- Source material
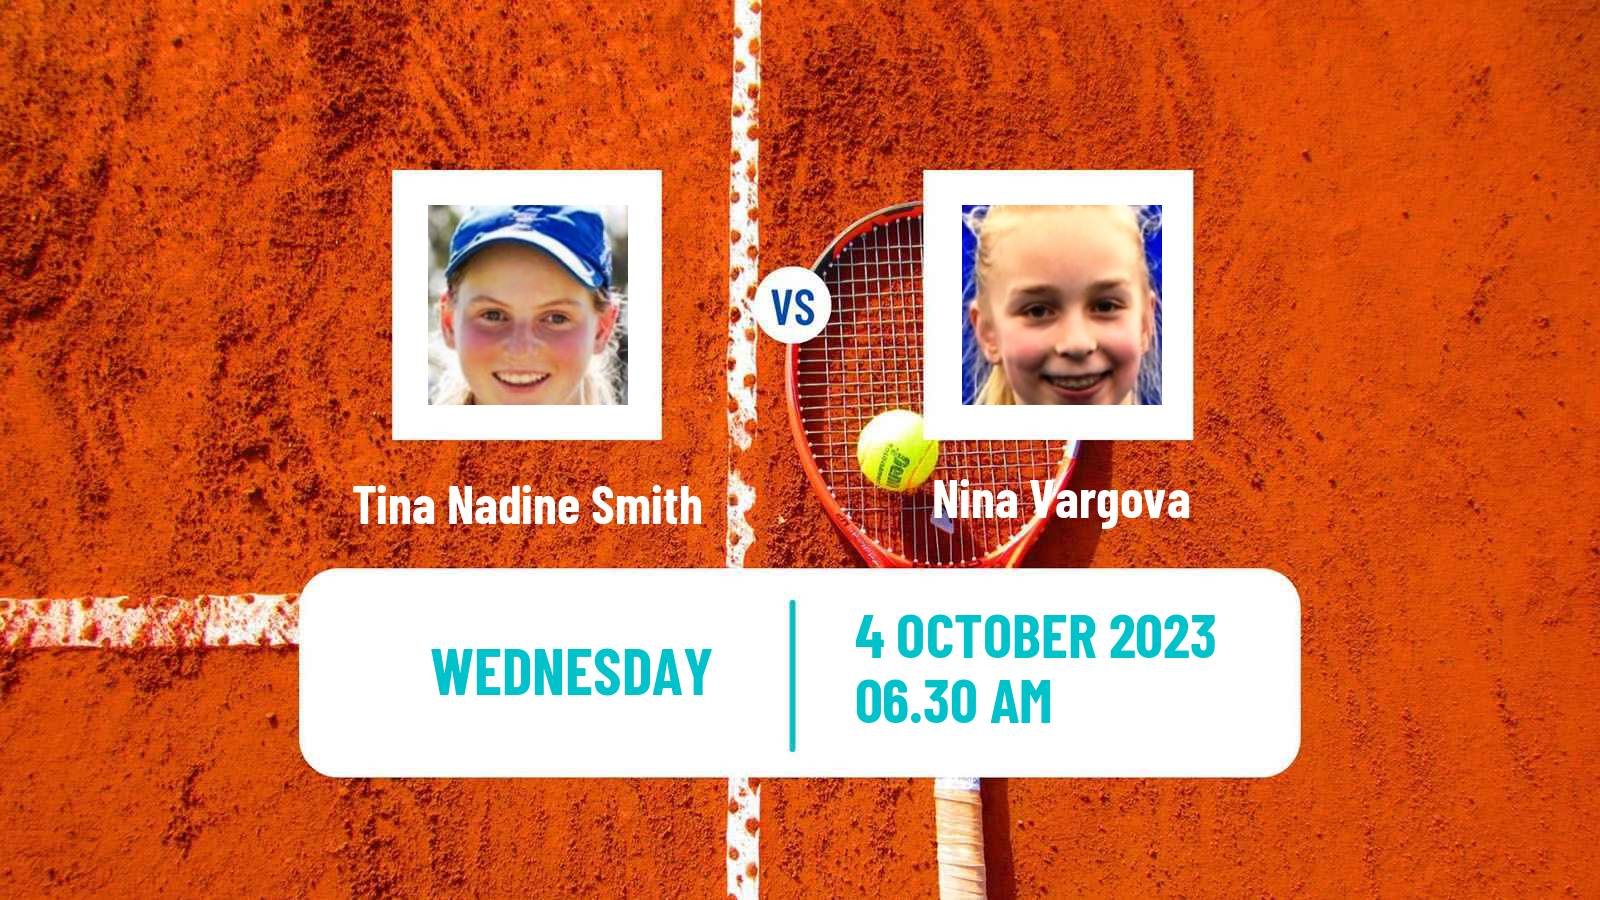 Tennis ITF W25 Santa Margherita Di Pula 8 Women Tina Nadine Smith - Nina Vargova
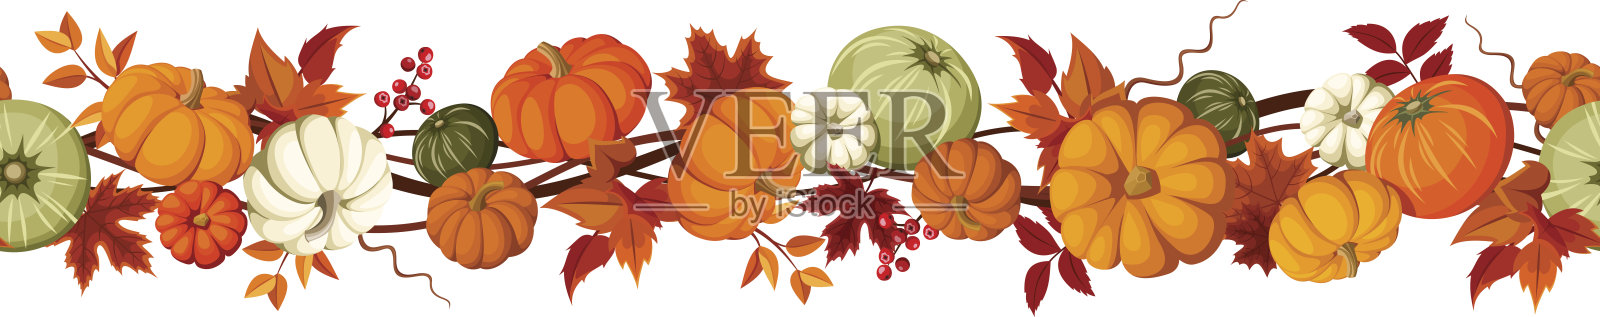 水平无缝背景南瓜和秋天的叶子。矢量插图。设计元素图片
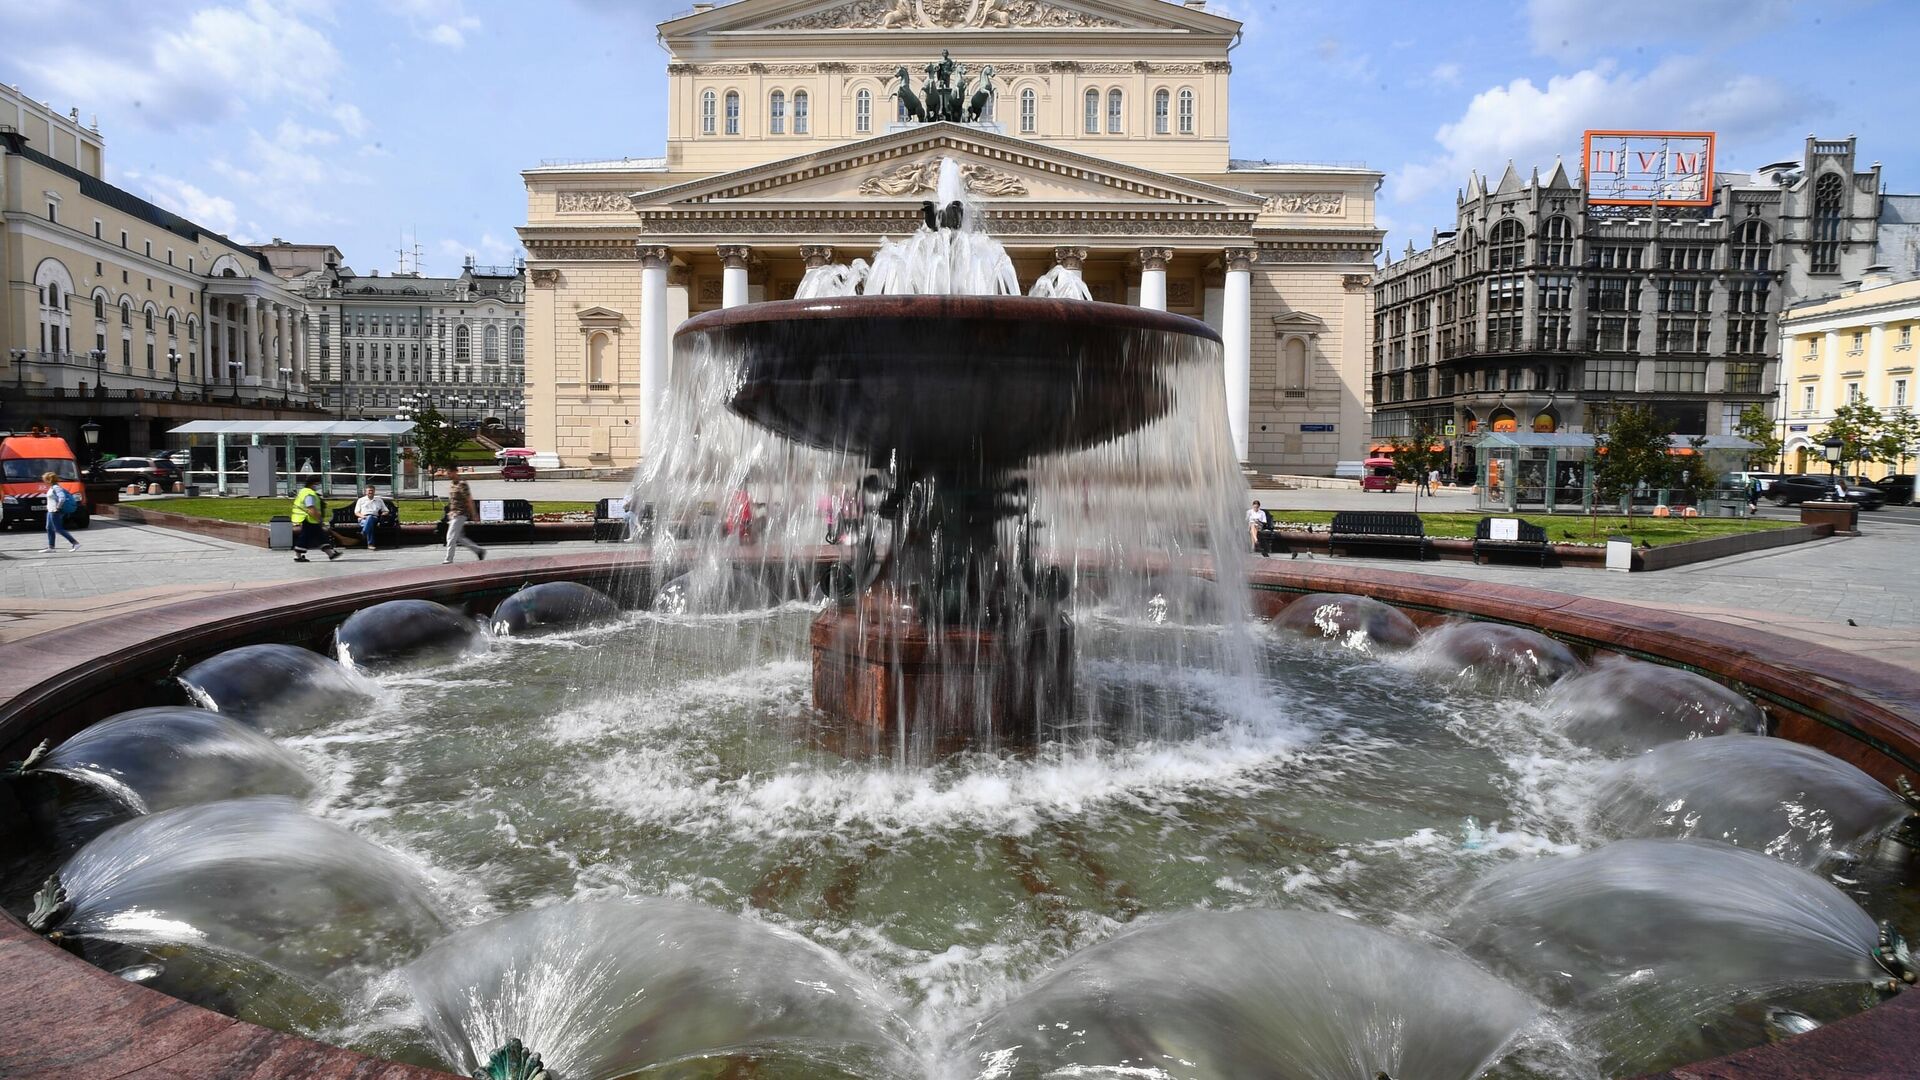 В Москве отреставрируют Петровский фонтан у Большого театра
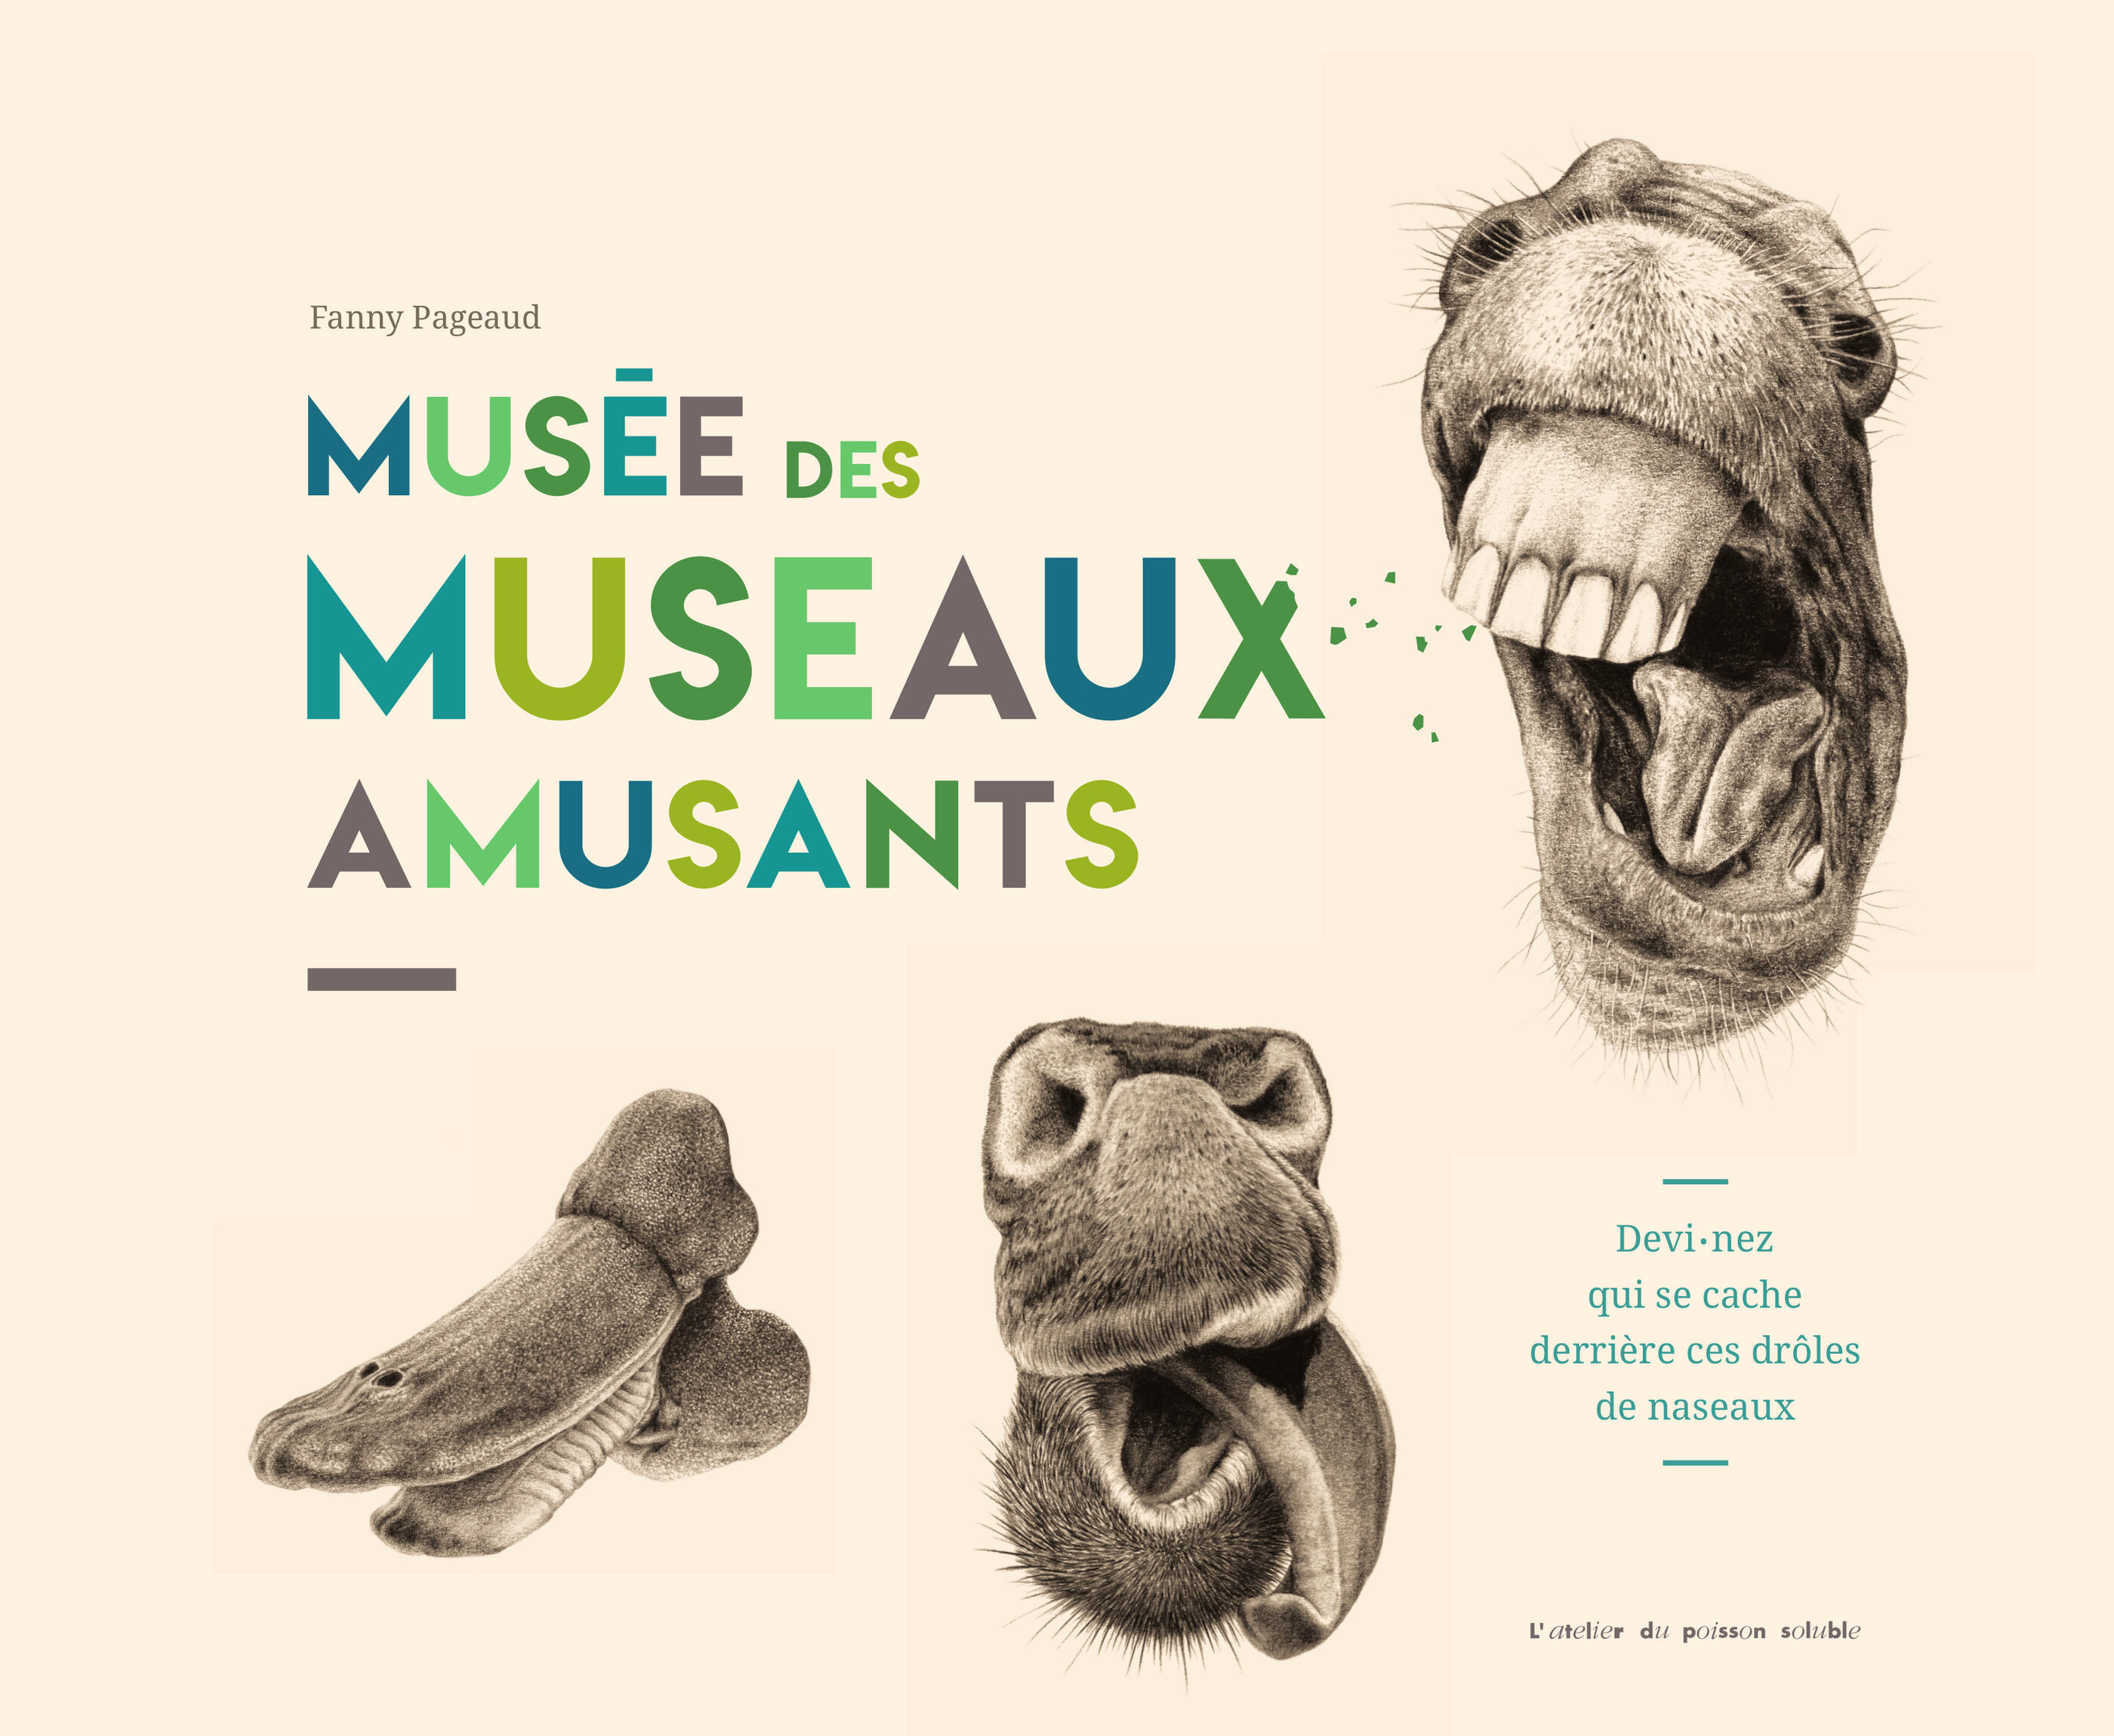 MUSEE DES MUSEAUX AMUSANTS

- Instructions for the task
Transcribe exactly, and without any pictures, each line from the one that holds "В Москве отреставрируют" through the final line of the material above.

- Response to the exercise
 В Москве отреставрируют Петровский фонтан у Большого театра
 MUSEE DES MUSEAUX AMUSANTS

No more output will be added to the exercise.